Rails: concurrency question

If I have a singleton class (by using the Singleton mixin), I understand it's thread-safe in that it ensures only a single instance of this class will be created (by putting a mutex around the instance method). BUT (in theory), the instance methods of my singleton instance could be accessed concurrently by various threads, thus causing a concurrency issue. Right?

BUT Rails is essentially single-threaded (only a single request processed at a time), so if I have only a single call to my singleton instance method per http request, then it should be impossible to get concurrency problems with it. Right?

If I have a cluster 4 servers, then I could have as many as 4 instances of my singleton created. But that's OK -- each instance will have its own io it writes to. What I don't want is 20 requests coming in at the same time and all trying to use the singleton to write at the exact same time.

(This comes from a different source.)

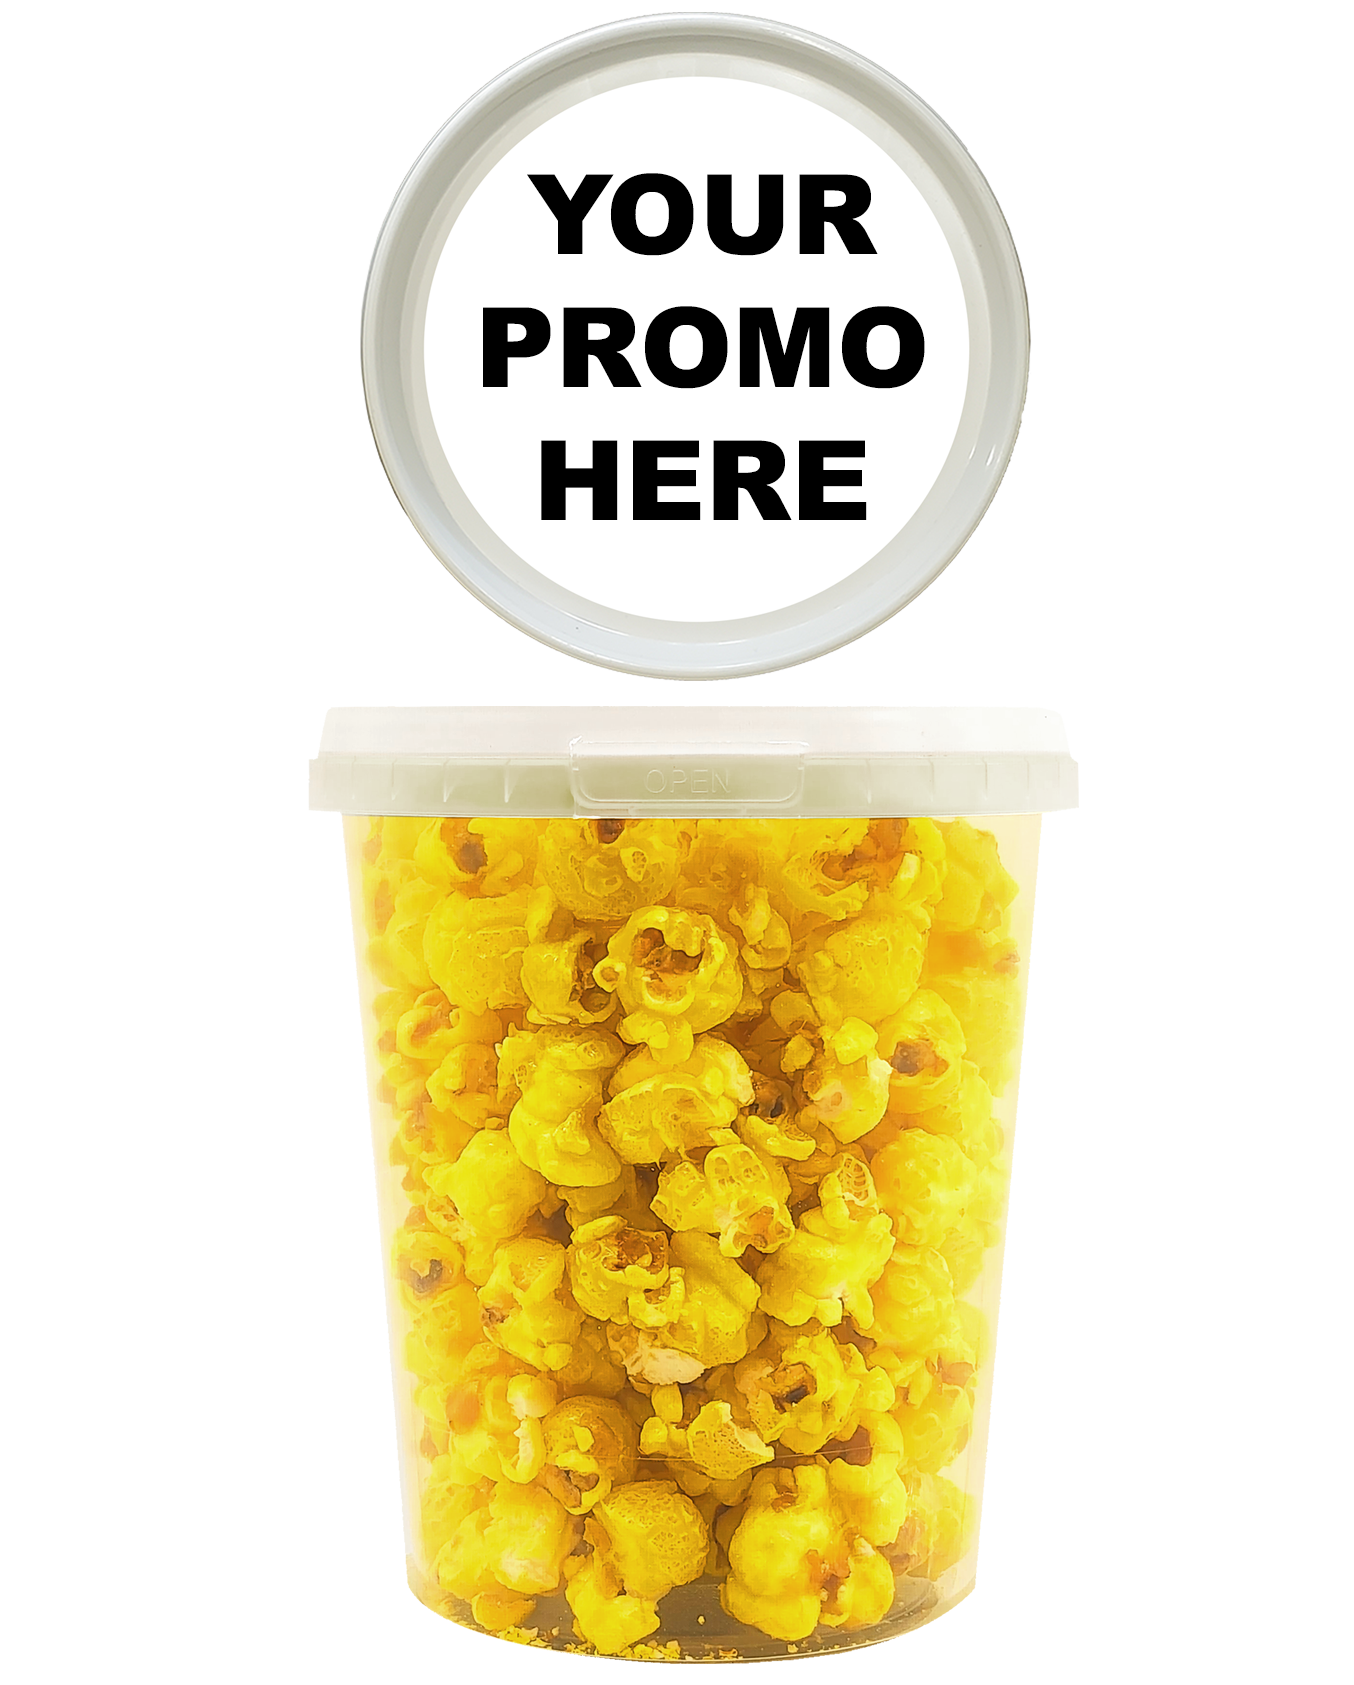 Promo Pop™ - Lively Lemon Classic (as low as $4.99 per bucket) Case of 12 Price
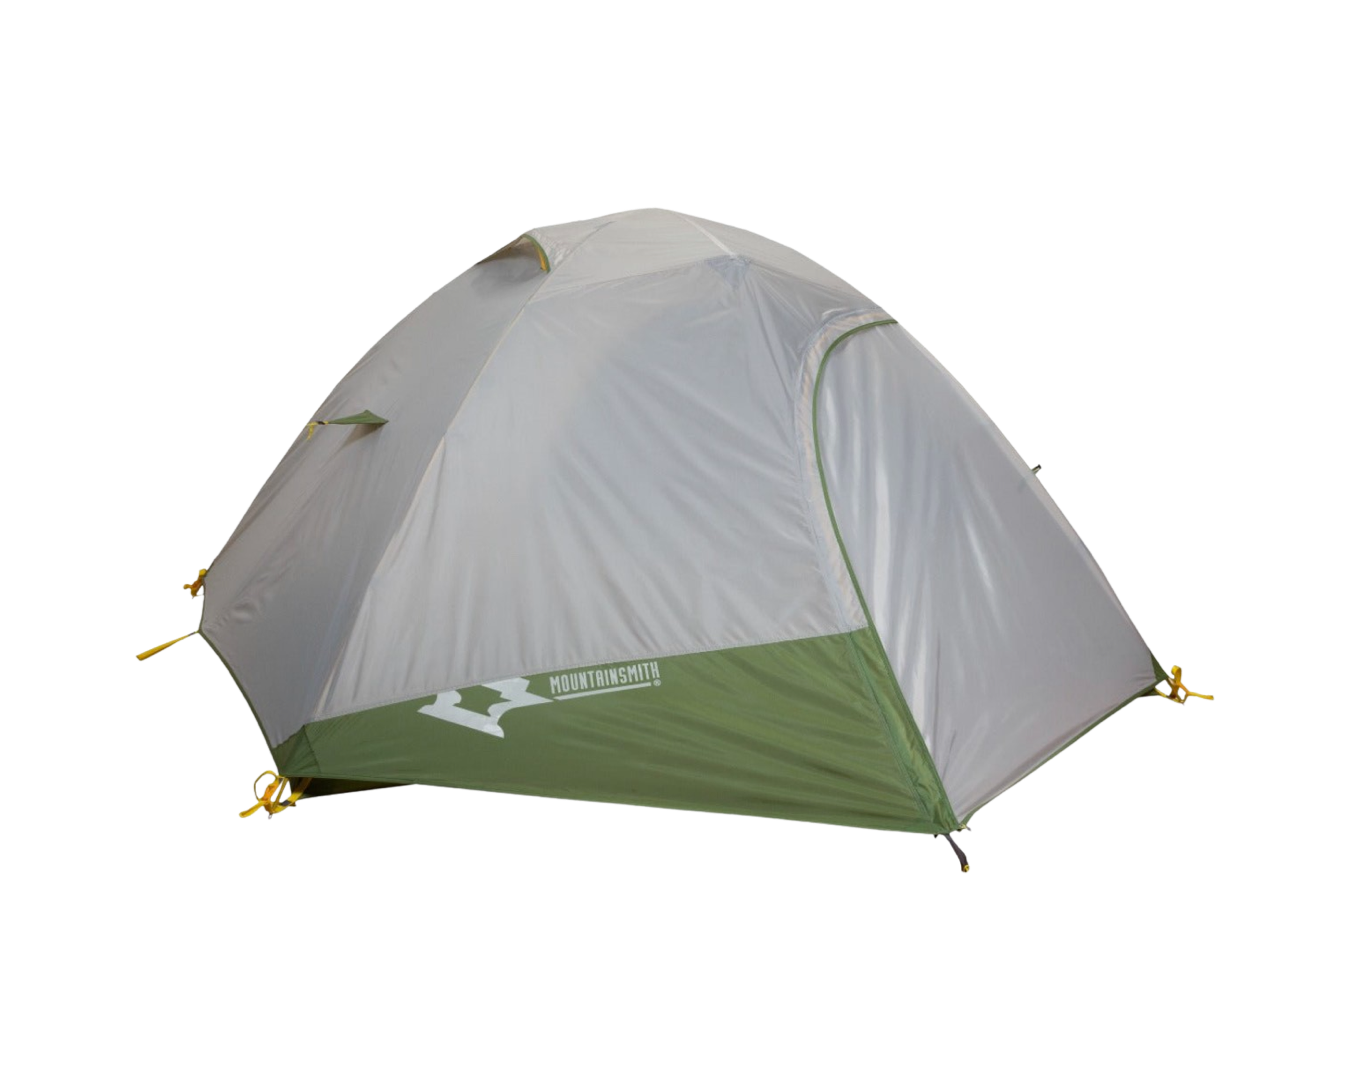 Best Budget 4-Person Backpacking Tent - Mountainsmith Morrison

Are my questions clear enough to answer?

-Steve

Roderick van Domburg wrote:

The only caveat I can see is that you'd use Passenger in smart spawning mode

Thank you for the response Roderick!

Also thanks for pointing out the possible concurrency in Passenger. I have yet to dive into Passenger, currently using Thin. Anyway the the singleton is not created in the environment, so I should be OK even if I do choose to leverage Passenger.

Cheers!

-Steve

Steve Hull wrote:

BUT Rails is essentially single-threaded (only a single request processed at a time), so if I have only a single call to my singleton instance method per http request, then it should be impossible to get concurrency problems with it. Right?

It's actually possible to write various kinds of concurrent code in Rails -- it really ALWAYS was possible to have some concurrency, but not concurrent request handling, and whatever concurrency you added you'd add yourself.

But in more recent versions of Rails, even some concurrent request handling is supported. allow_concurrency!. And perhaps Passenger in certain modes as Roderick says, I'm not familiar with Passenger.

But you're basically right about the 'ordinary' mode of Rails execution, that only a single request will be processed at a time. This is increasingly not the only option for Rails though.

But, yeah, you're also right that if you had Rails executing in a mode that allowed concurrent request handling, you'd need to take care of making sure your singleton object itself is concurrent-access safe -- the singleton pattern will take care of _instantiation_ of the Singleton object being concurrency-safe, but can't take care of it's own internal logic. So you can either do that -- or you can note in comments that this thing isn't concurrency-safe, and shouldn't be used in a concurrent-request environment.